A declaration of intent
AUSCHWITZ: Today in Poland, Gordon and Sarah Brown made a journey that very few returned from - a journey that ended in death for more than a million Jews, gypsies and political prisoners. A journey which the prime minister pledged would not be forgotten when he visited the Auschwitz-Birkenau death camp run with chilling efficiency by the Nazis.
Mr Brown promised that the British government would donate to an international fund being created by the Polish prime minister to preserve this site, as both a warning from history and a declaration of intent that it should never happen again.

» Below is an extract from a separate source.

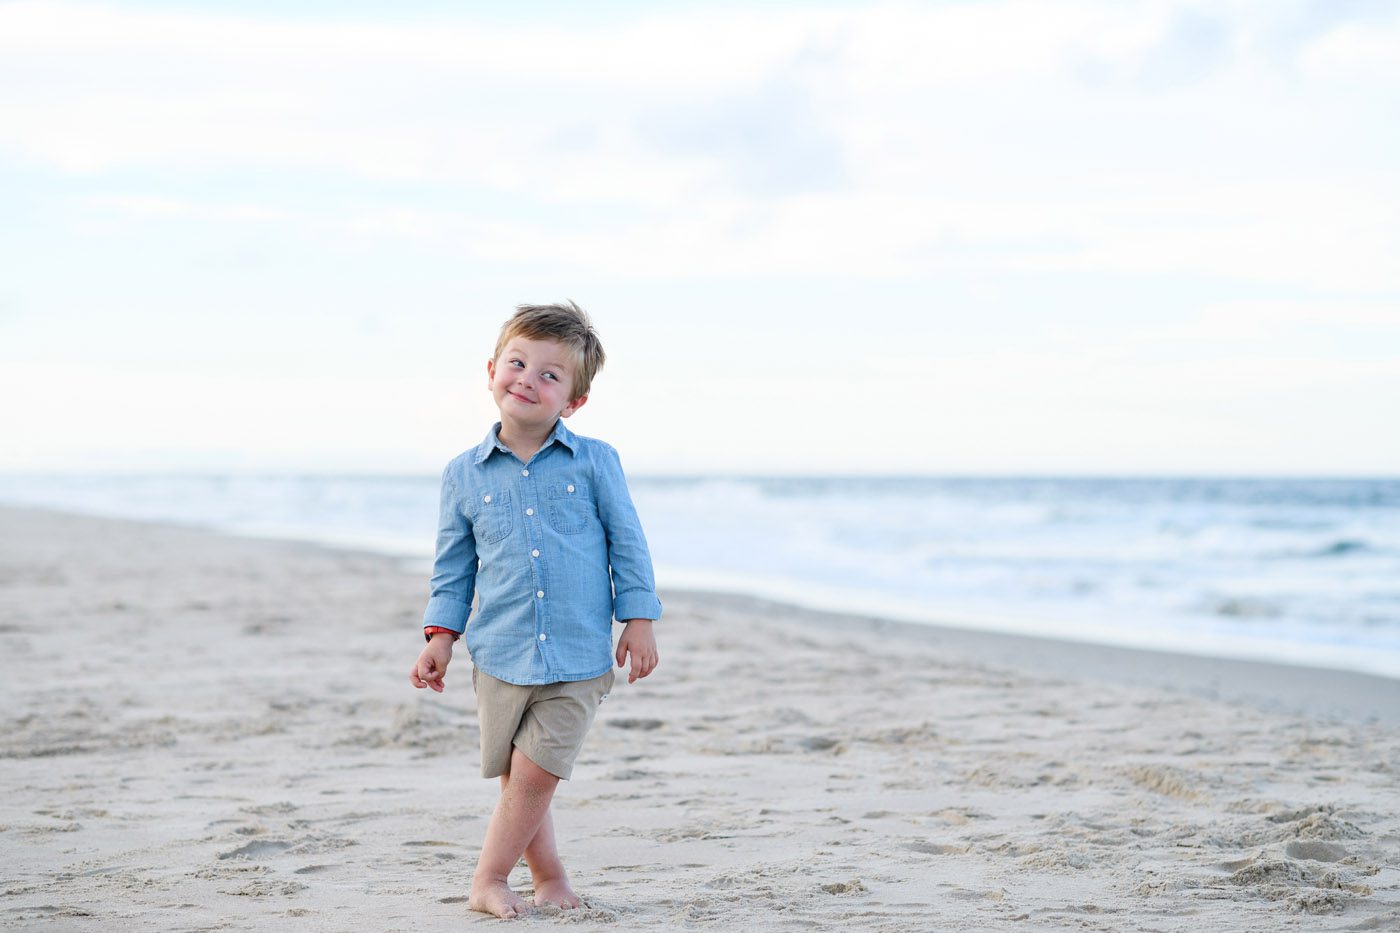 Fun Outer Banks family portraits featuring kids on the beach

Some claim that the holocaust never happened, or did not happen on the scale written about in the history books. The prime minister, though, was shown the hair of women gassed by the Nazis (which was then sold to textile manufacturers to make soldiers' uniforms) and the glasses which belonged to victims - each someone's son or daughter; each a record of an individual atrocity.
Tomorrow, 200 schoolchildren from Yorkshire will follow in the prime minister's footsteps, their trip organised by a charity, the , to which the government gives financial support.
Its aim is to send children from every British school here - to learn, and to pledge not to repeat the mistakes of the past.
After a visit to the gas chambers that claimed so many, Gordon Brown wrote in the visitors' book: "As we remember the worst of our past, we must each commit ourselves to serve the best of our future." He is planning to create some form of memorial to those British Schindlers who gave their lives trying to preserve the lives of others who were murdered by the Nazis.